*Required action*. Restate all the lines below word for word, but omit the pictures.

*Dataset extract*.
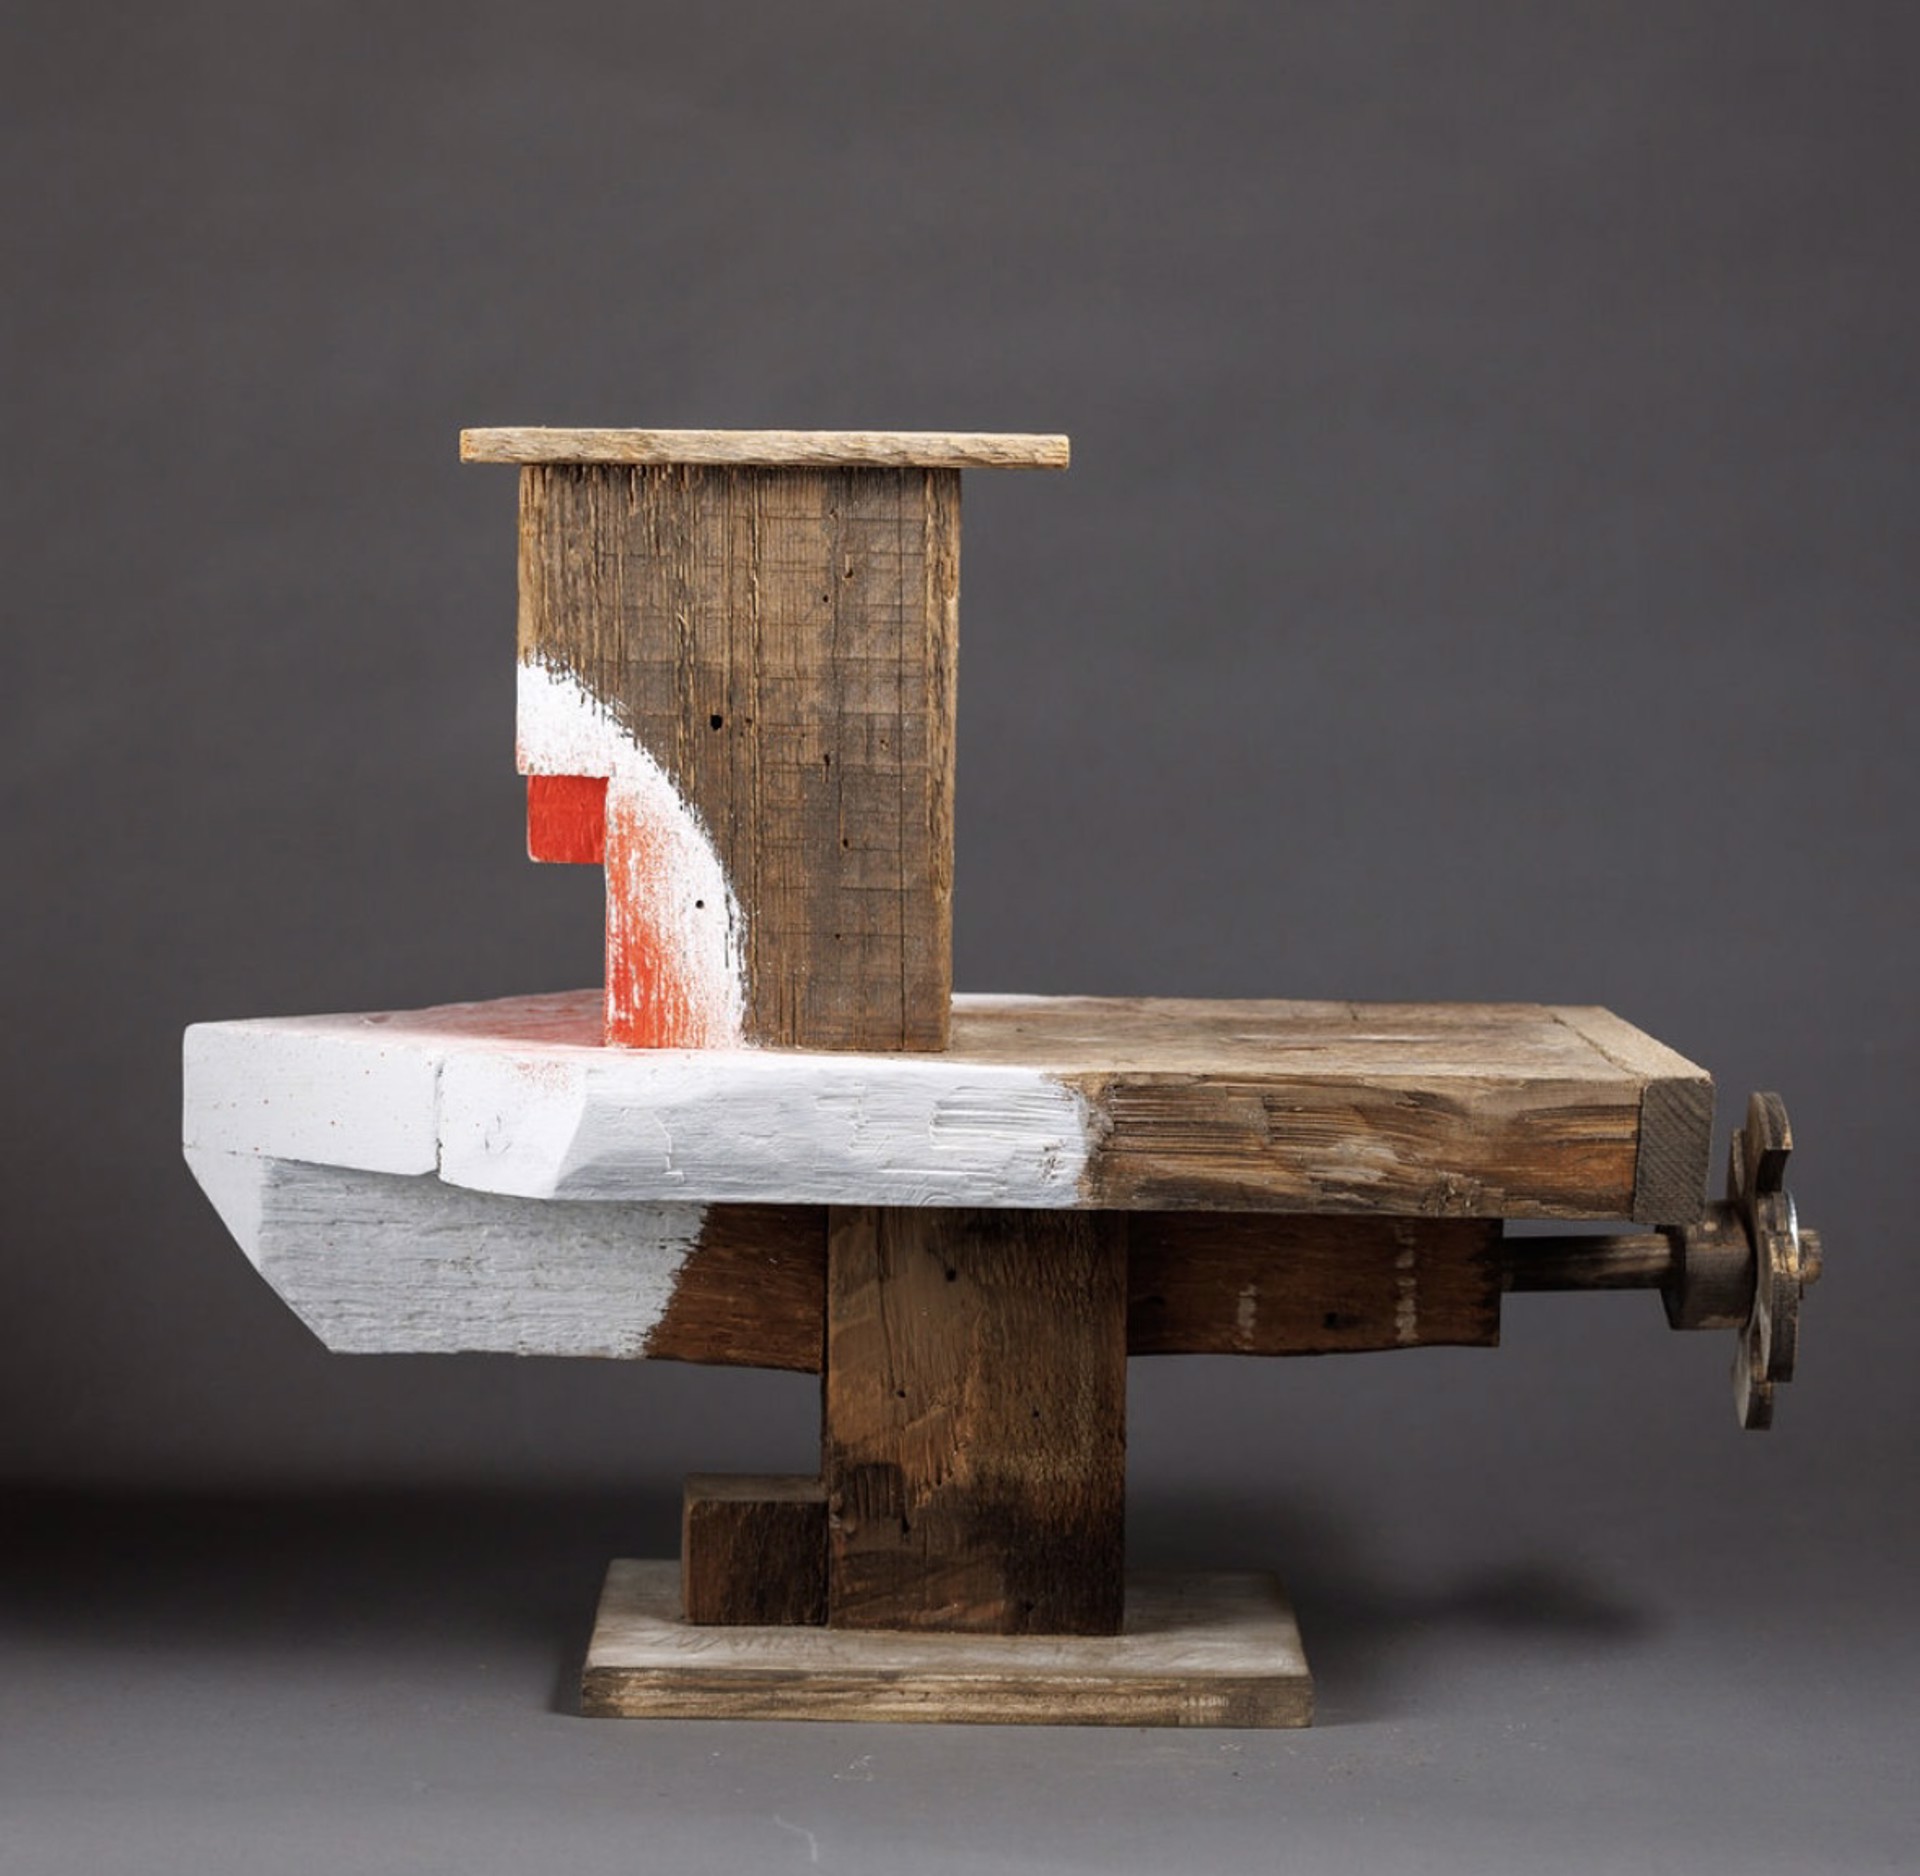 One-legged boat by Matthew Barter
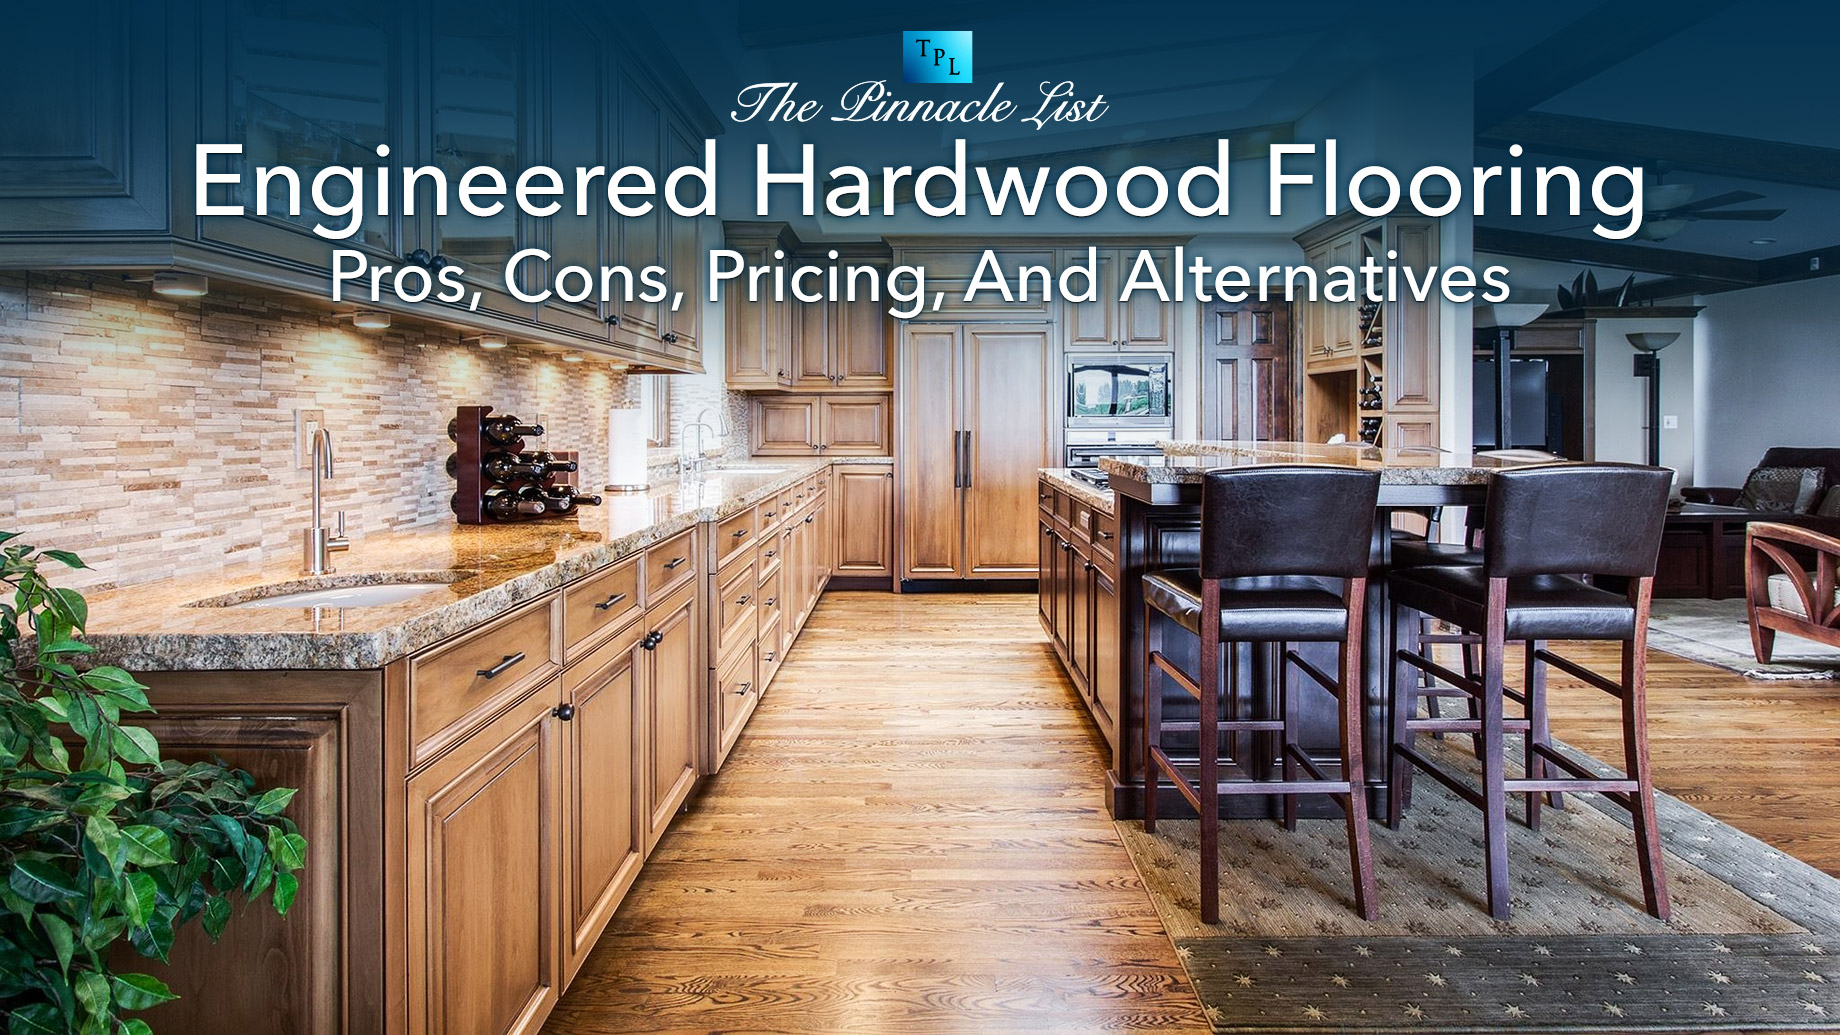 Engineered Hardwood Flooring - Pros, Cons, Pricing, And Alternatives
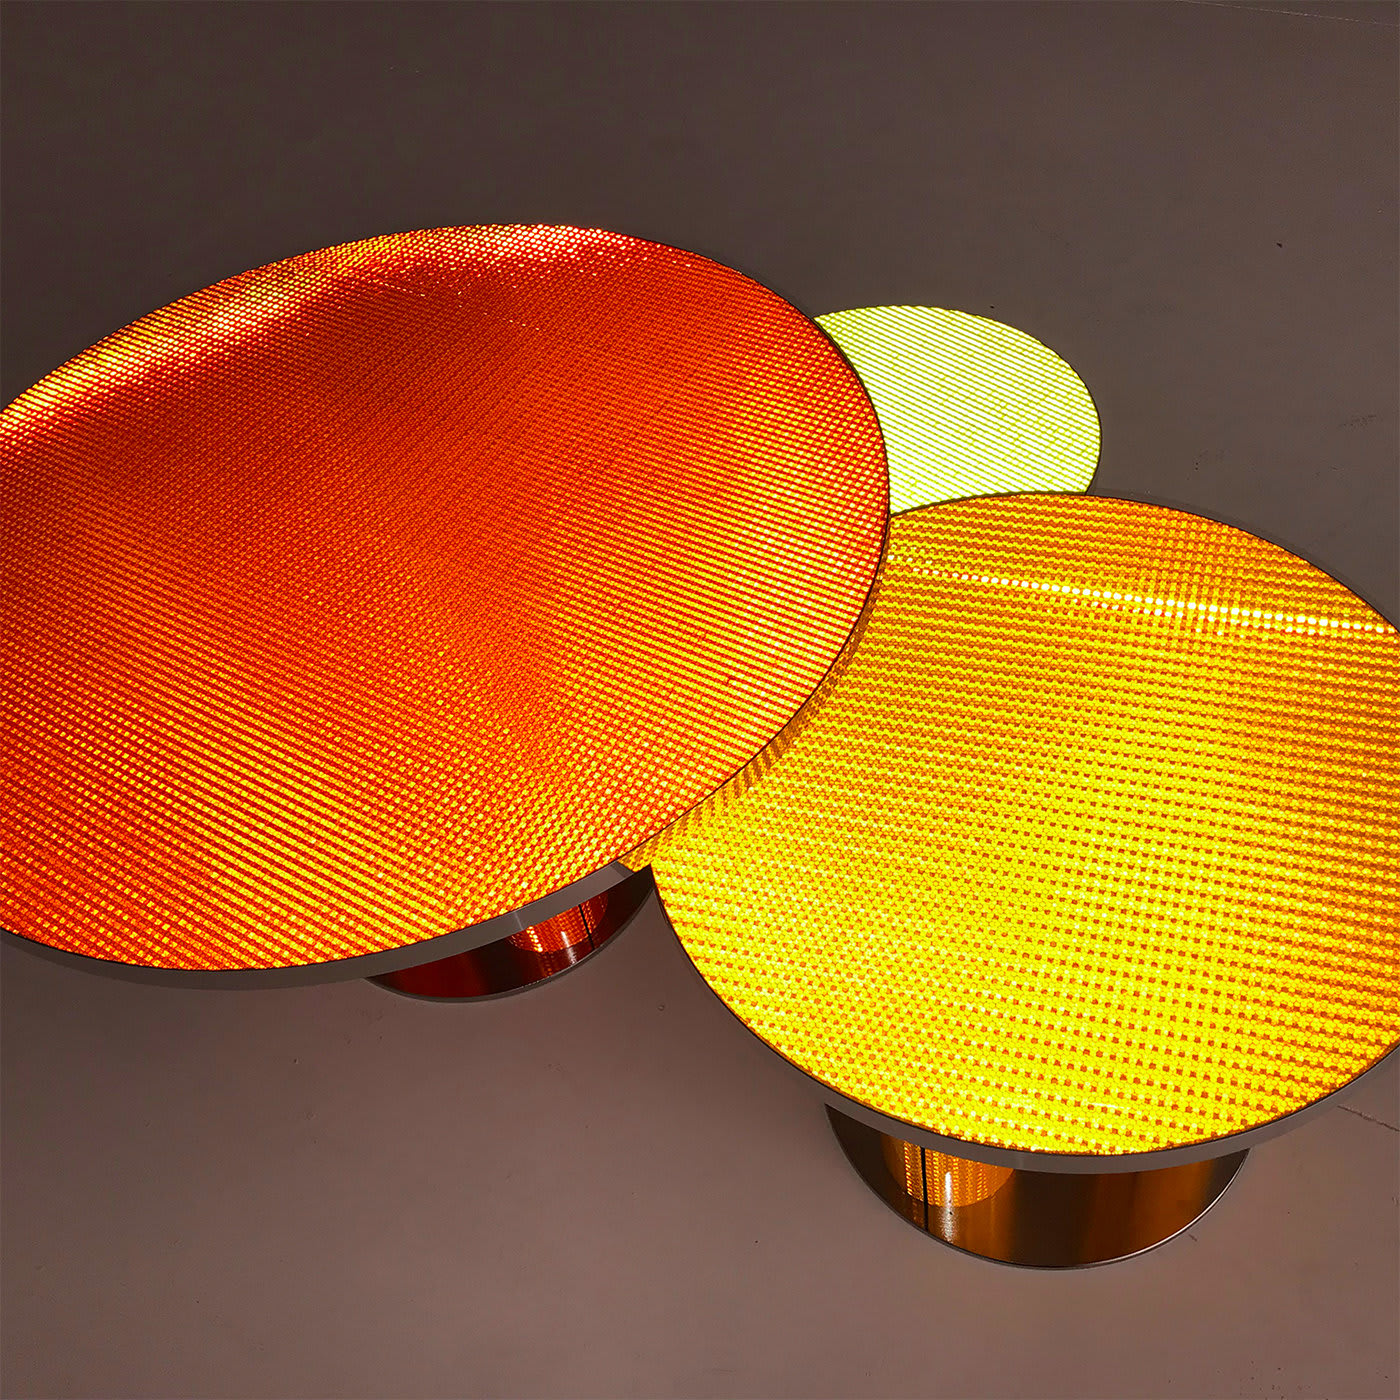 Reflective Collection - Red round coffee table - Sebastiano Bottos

*Answer area*.
 One-legged boat by Matthew Barter
 Engineered Hardwood Flooring - Pros, Cons, Pricing, And Alternatives
 Reflective Collection - Red round coffee table - Sebastiano Bottos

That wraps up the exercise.